- Required action: Every line of the material is to be returned verbatim. Pictures stay out.

- Data block:

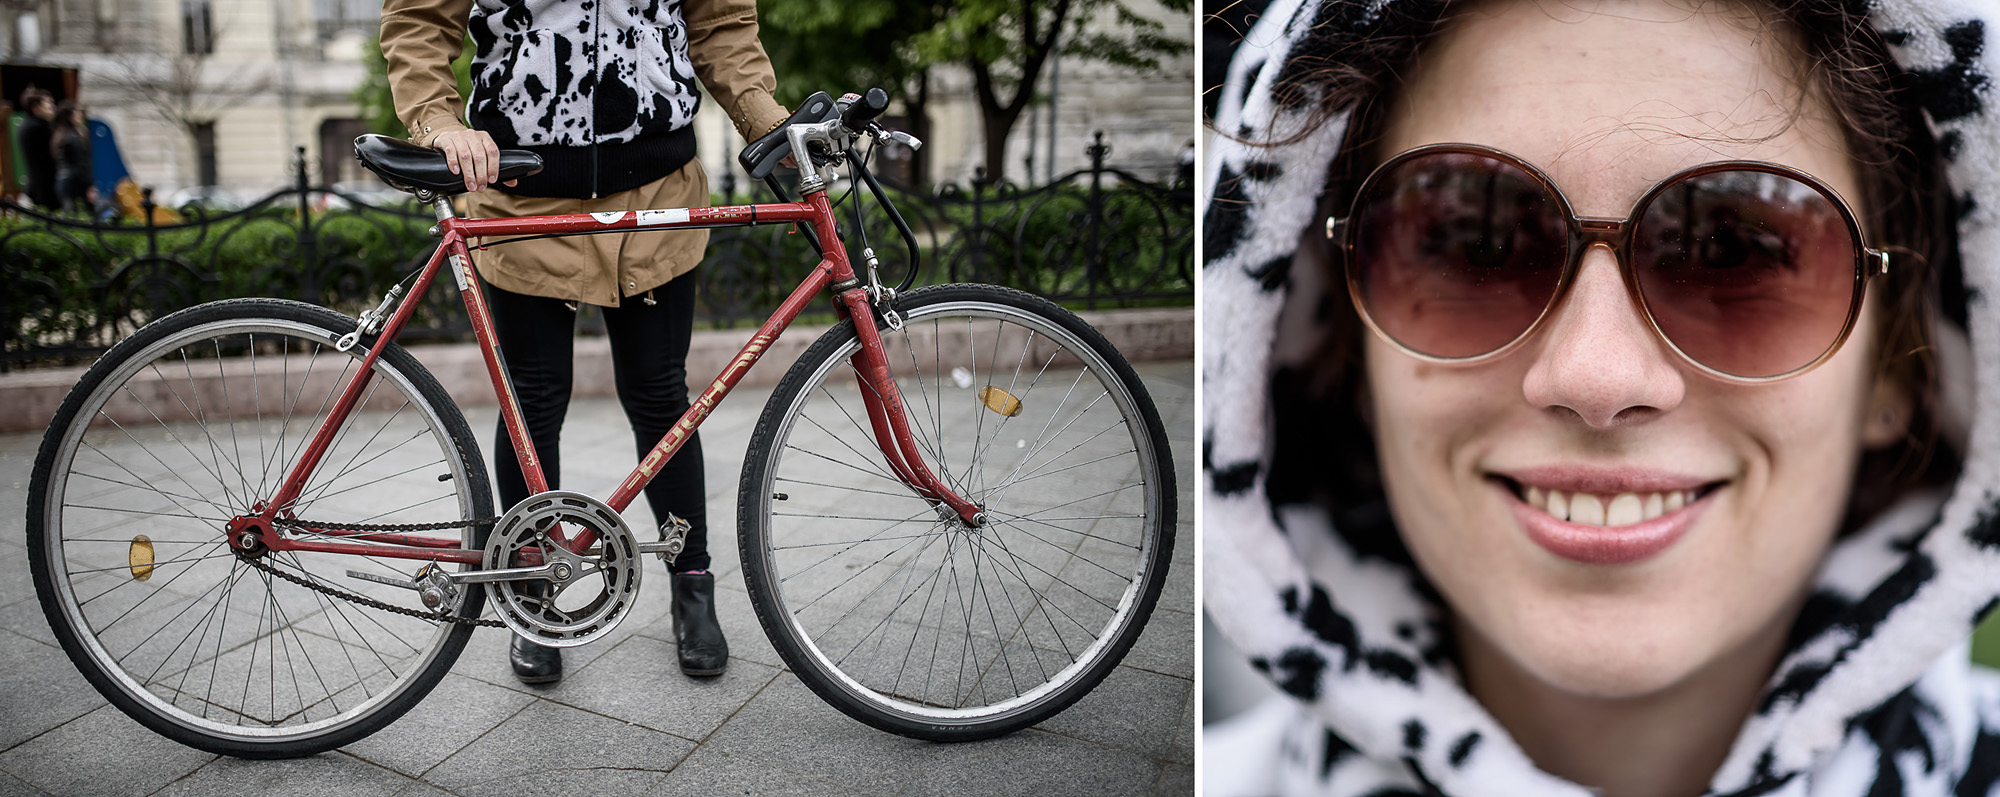 A biciklifüggők pont úgy hasonlítanak a bringájukra, mint a kutyások a kutyájukra
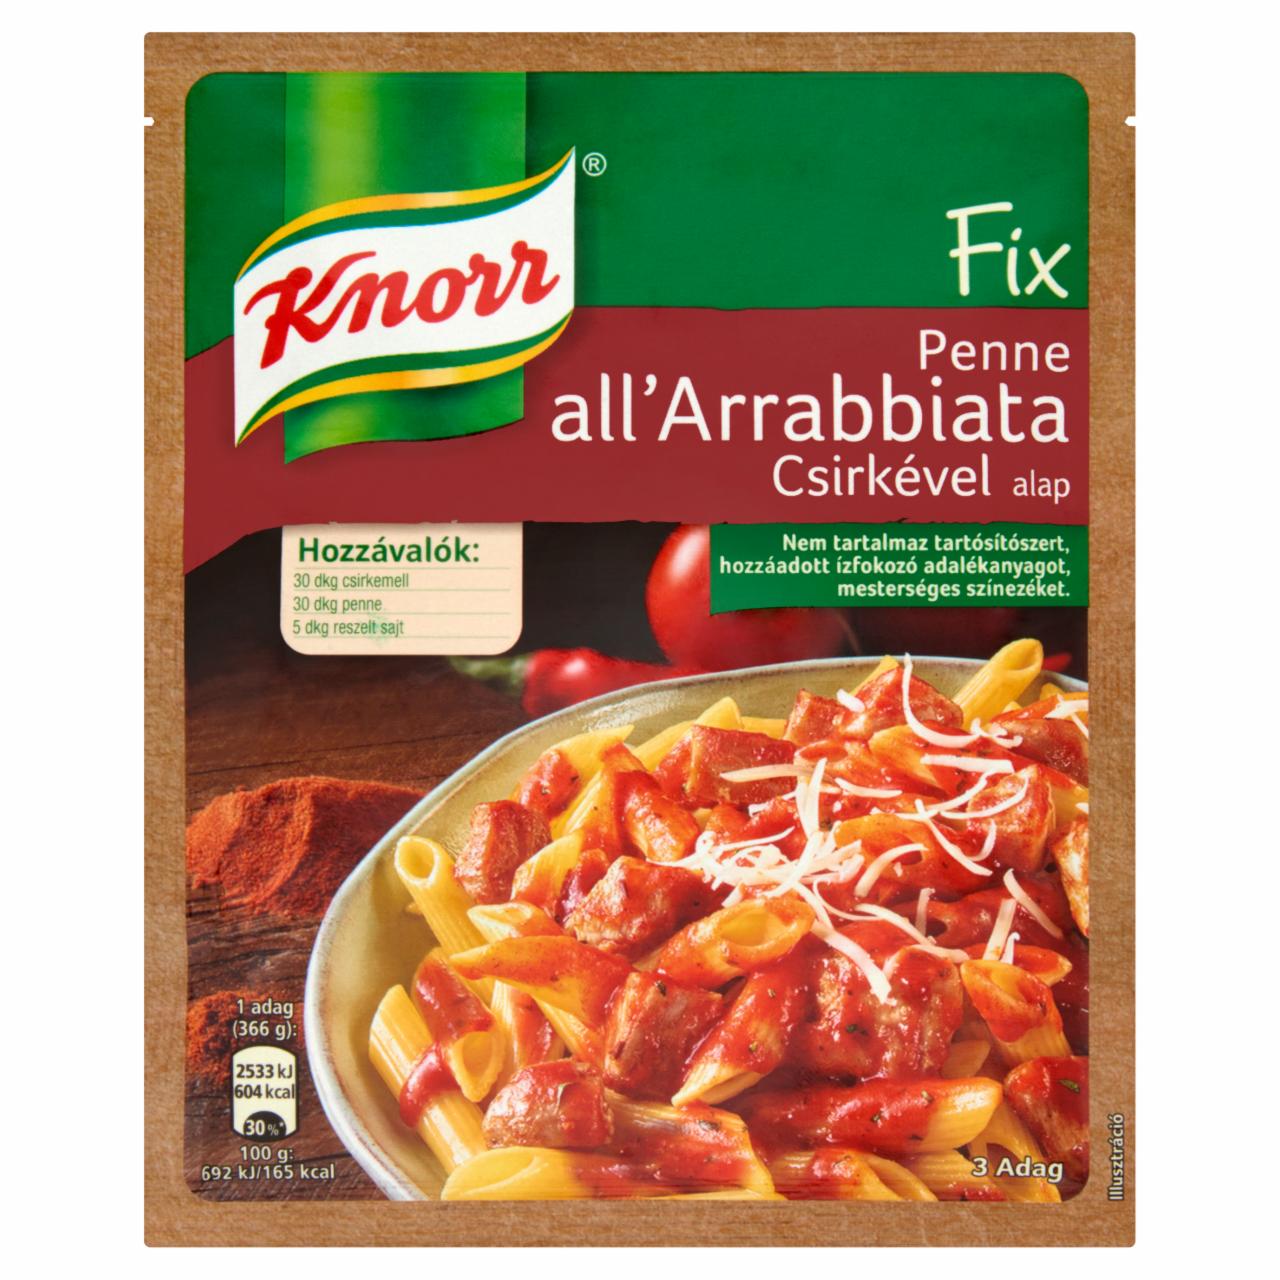 Képek - Knorr Fix Penne all'Arrabbiata csirkével alap 46 g
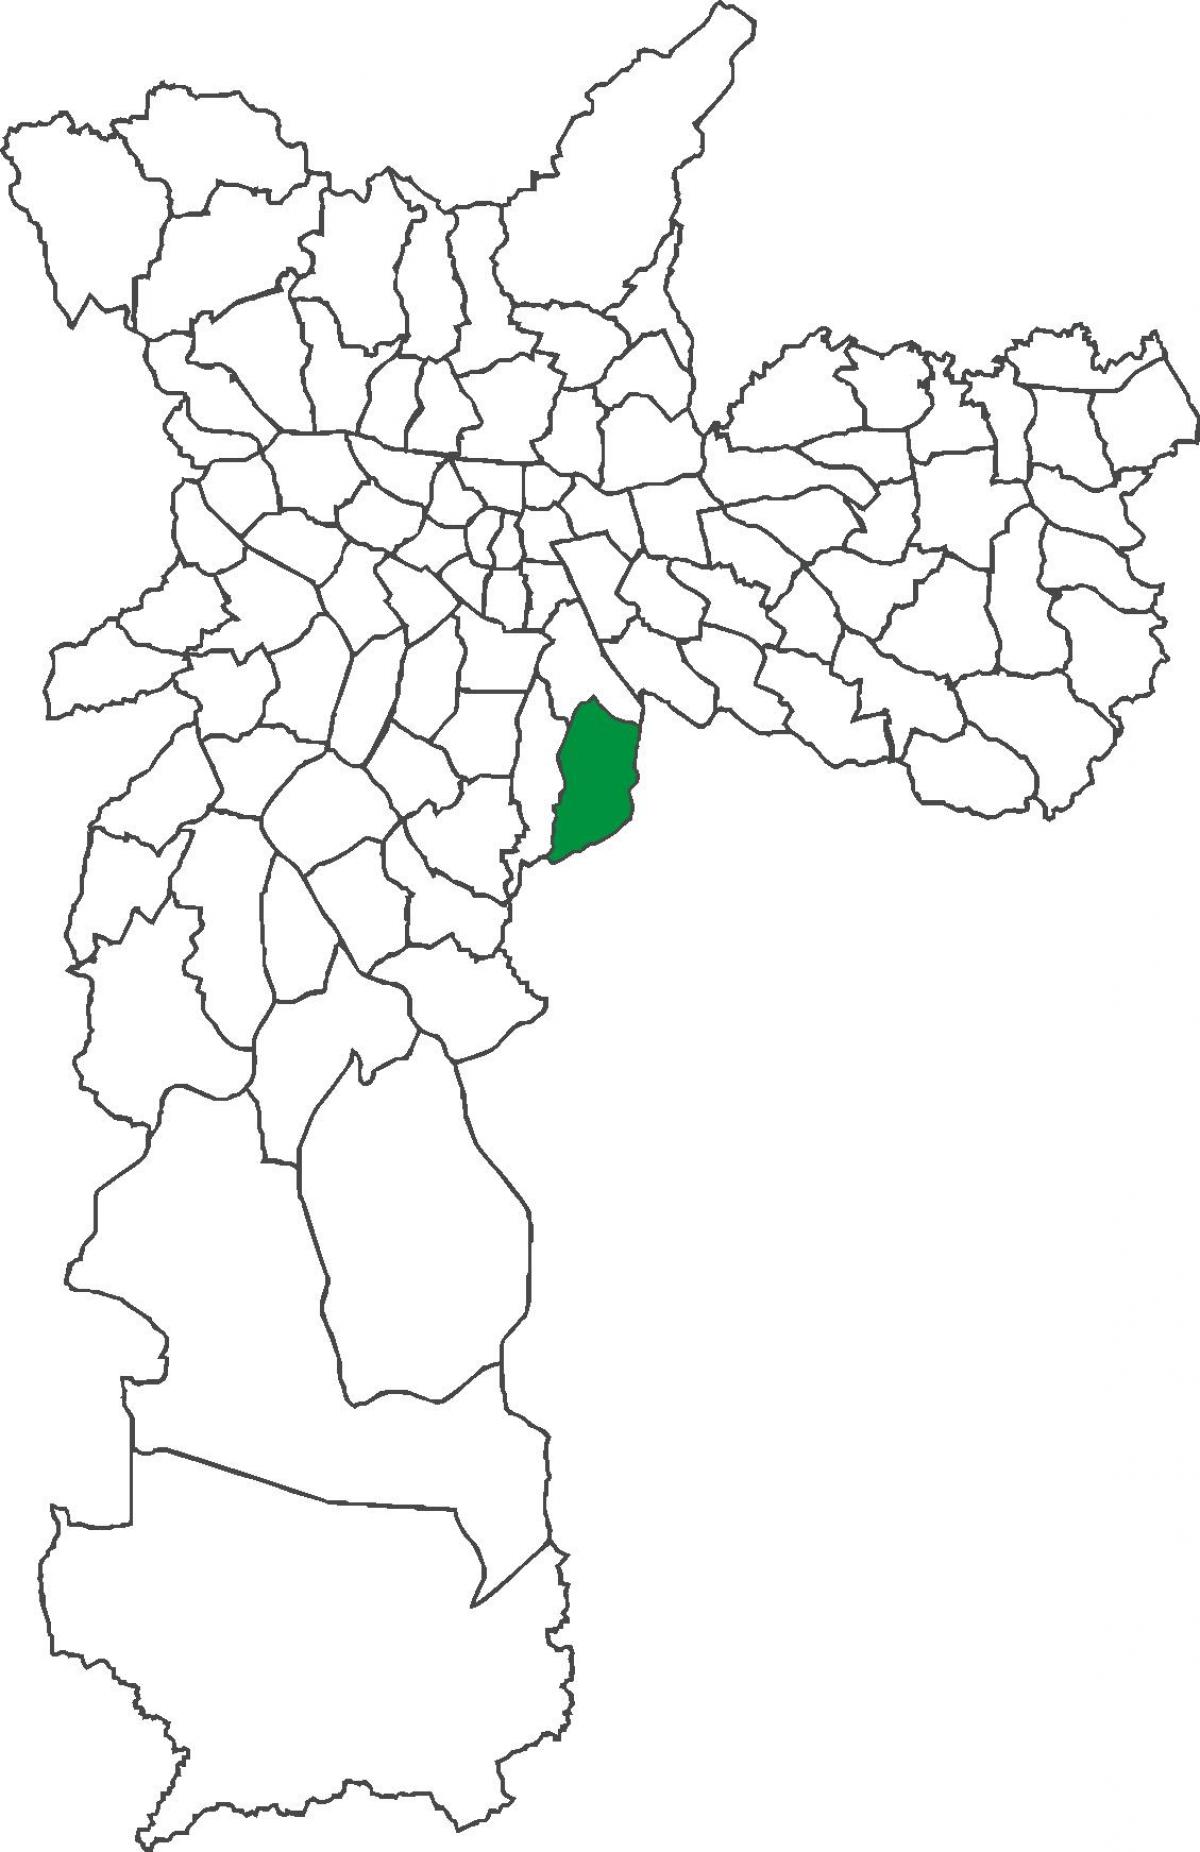 মানচিত্র Sacomã জেলা
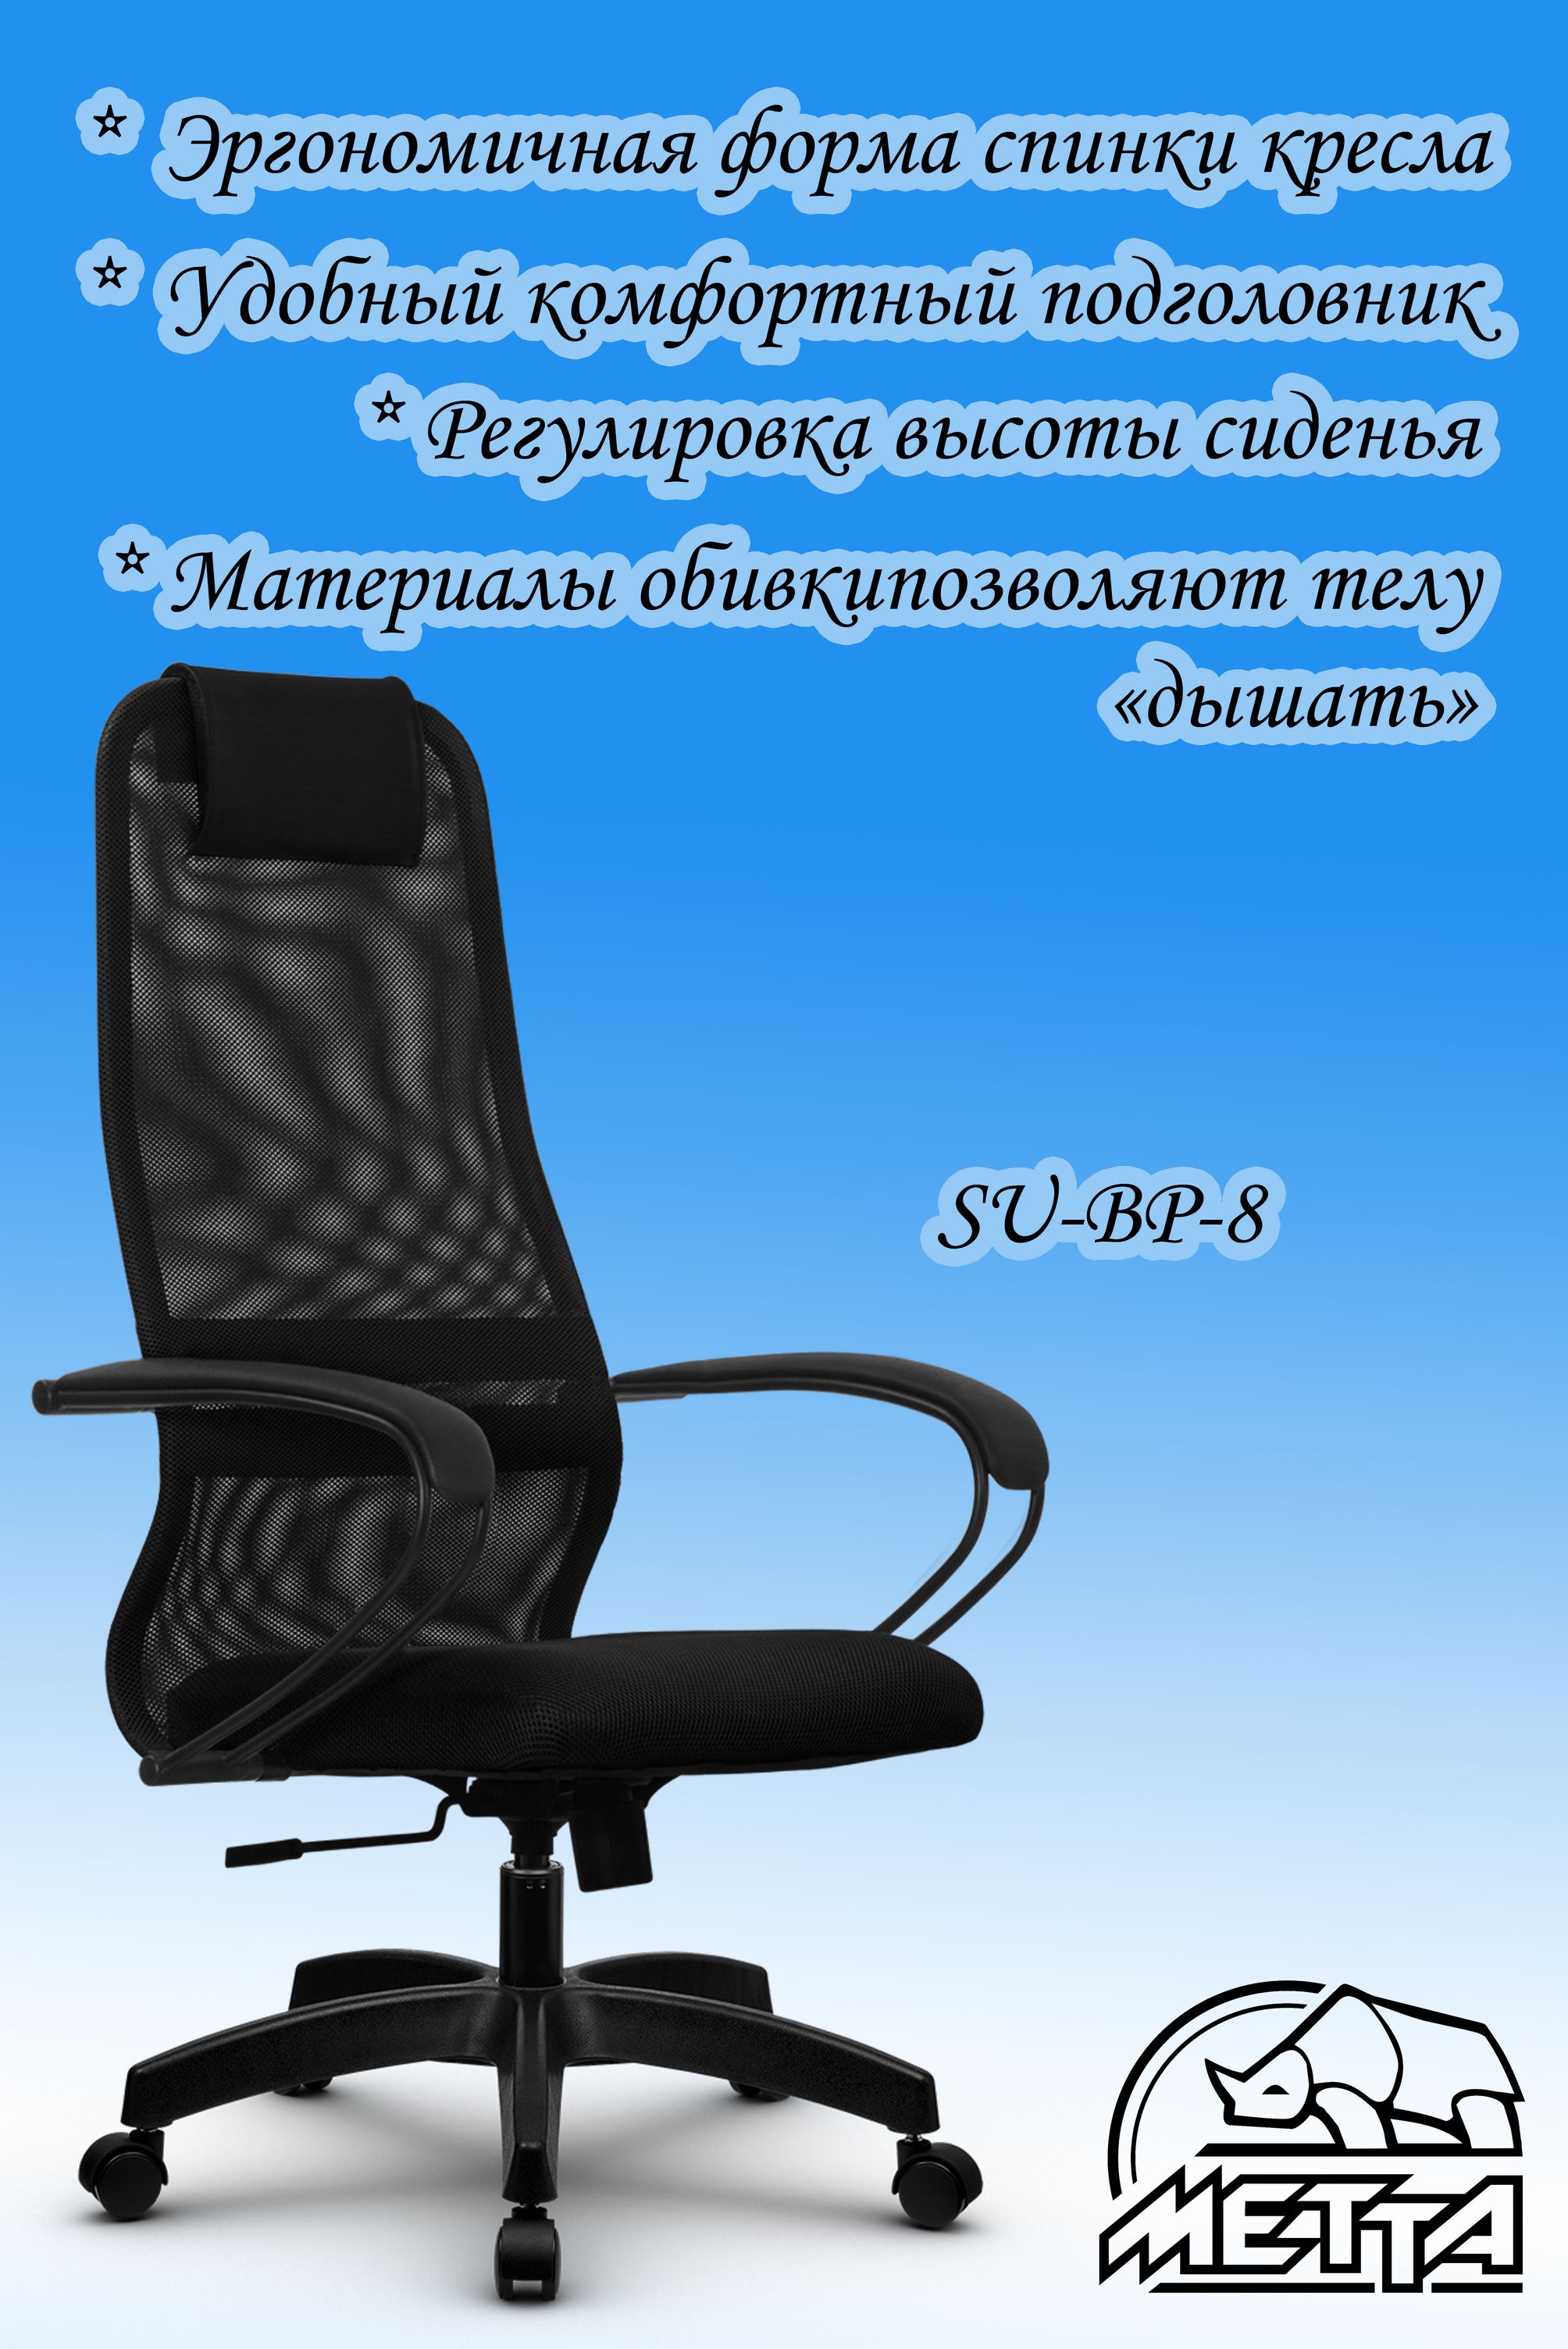 Офисное кресло метта su bp 8

- The answer:
 A biciklifüggők pont úgy hasonlítanak a bringájukra, mint a kutyások a kutyájukra
 Képek - Knorr Fix Penne all'Arrabbiata csirkével alap 46 g
 মানচিত্র Sacomã জেলা
 Офисное кресло метта su bp 8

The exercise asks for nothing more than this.